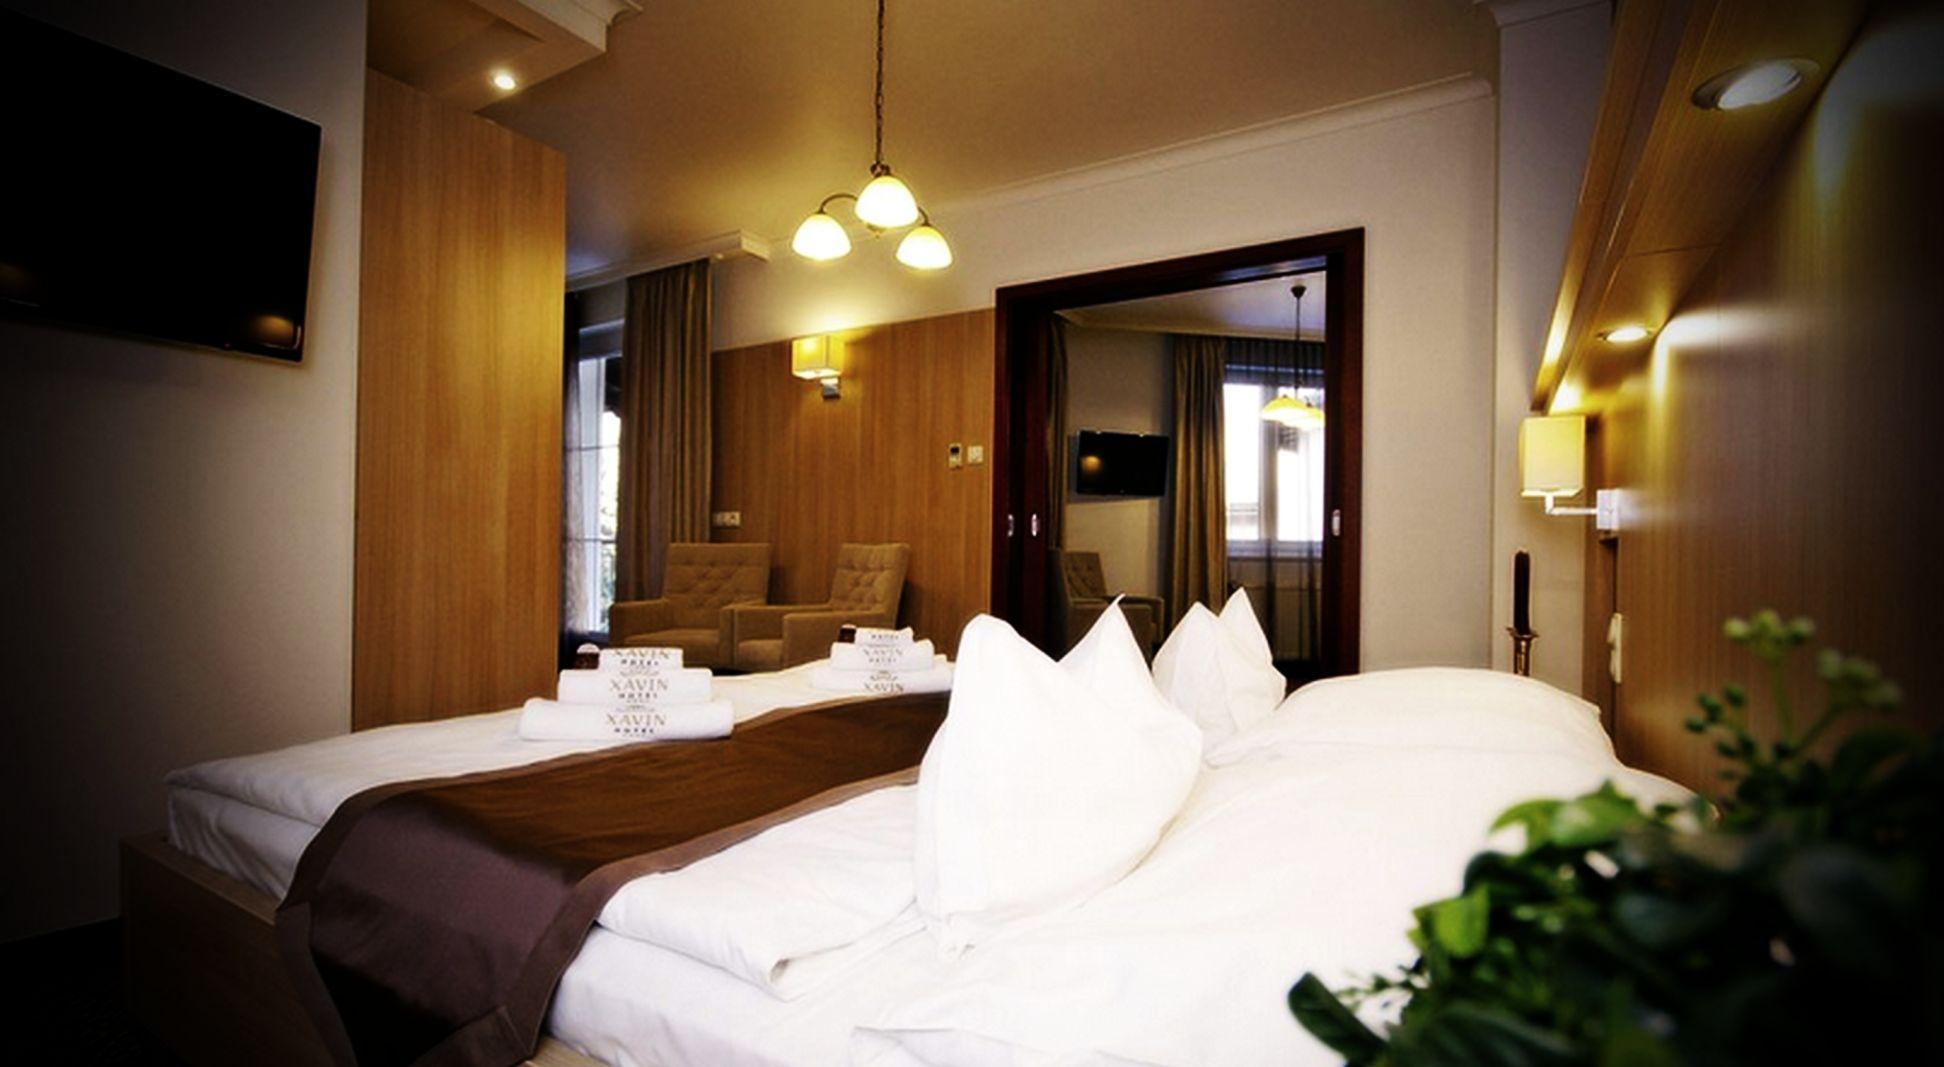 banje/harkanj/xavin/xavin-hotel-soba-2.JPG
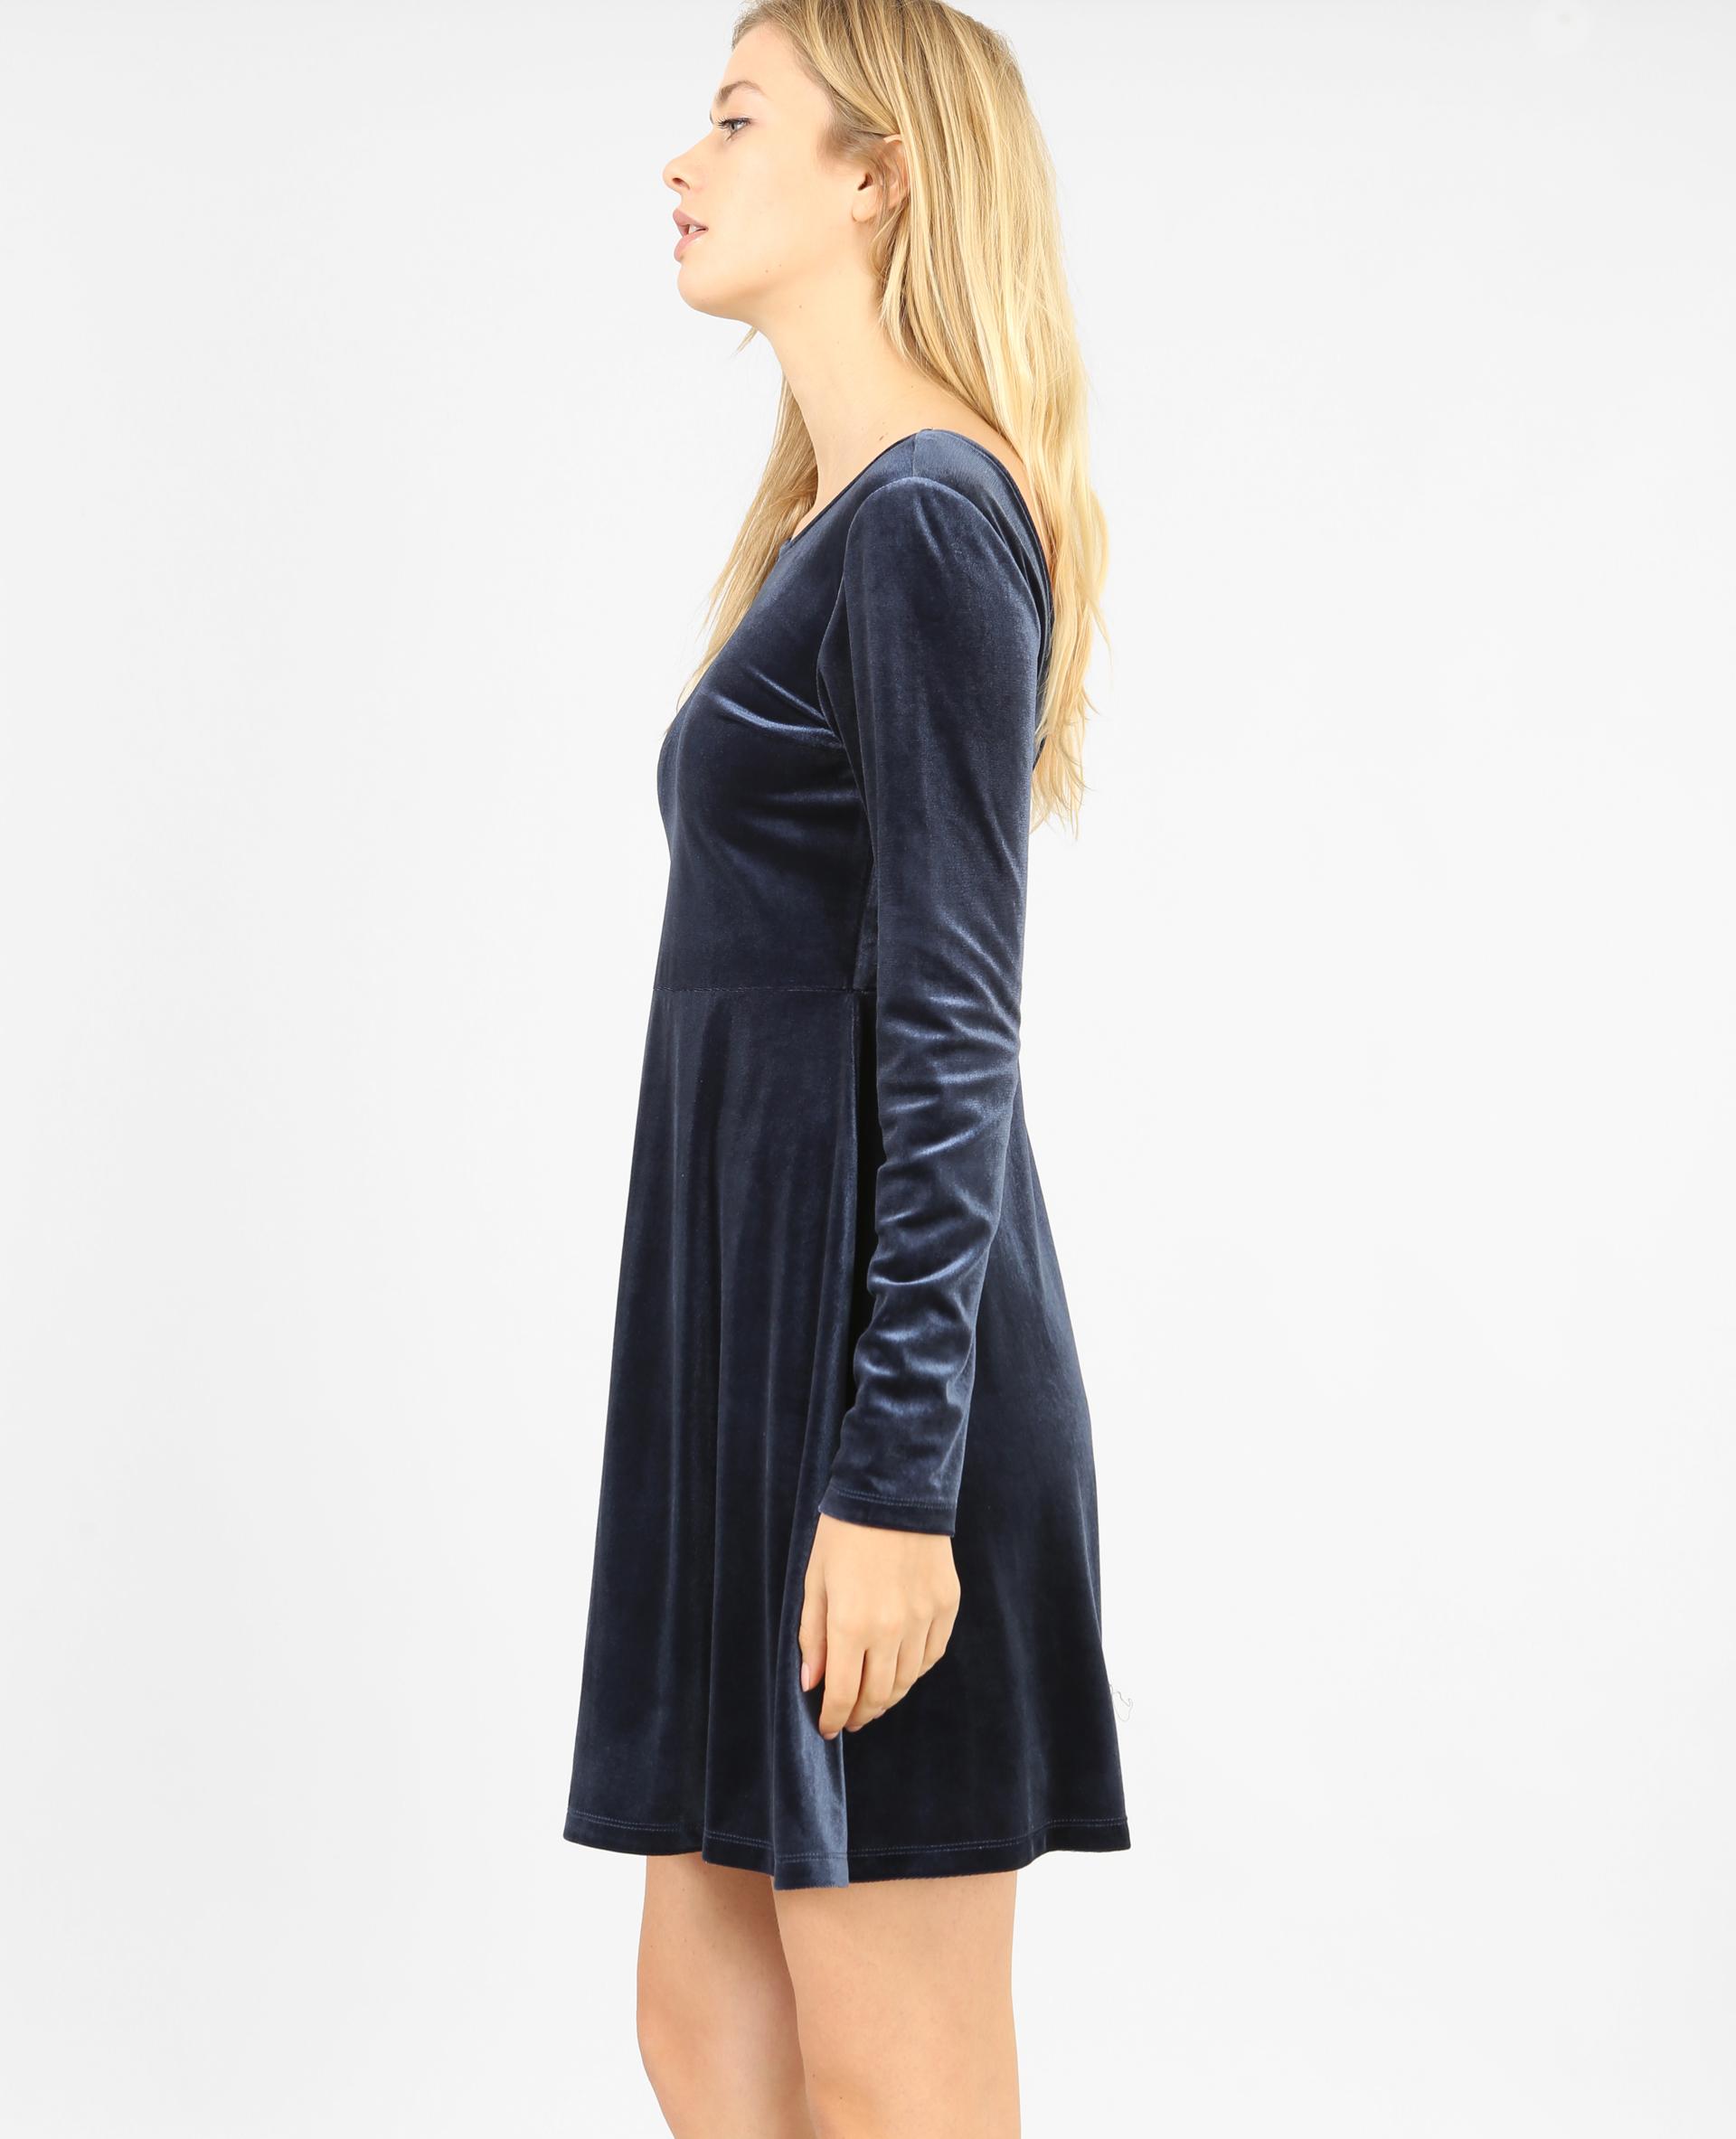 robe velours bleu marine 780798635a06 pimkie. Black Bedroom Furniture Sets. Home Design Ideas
---
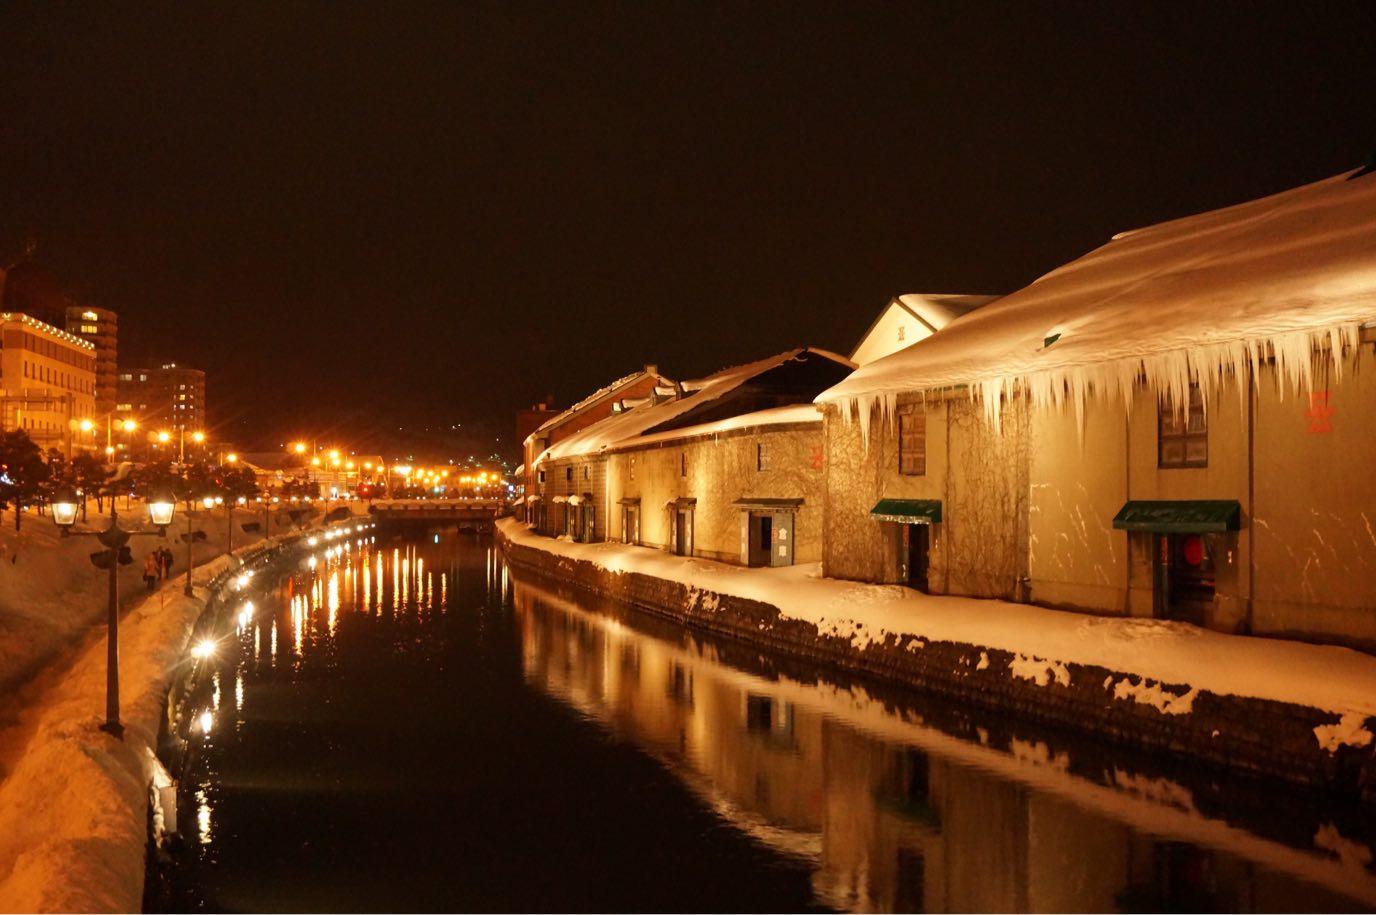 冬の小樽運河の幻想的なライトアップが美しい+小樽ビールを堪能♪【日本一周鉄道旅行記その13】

Activity:
The expected output is the lines above from the one containing "banje/harkanj/xavin/xavin-hotel-soba-2.JPG" to the one containing "robe velours bleu", both ends included, reproduced exactly with every picture left out.

The completed task:
 banje/harkanj/xavin/xavin-hotel-soba-2.JPG
 robe velours bleu marine 780798635a06 pimkie. Black Bedroom Furniture Sets. Home Design Ideas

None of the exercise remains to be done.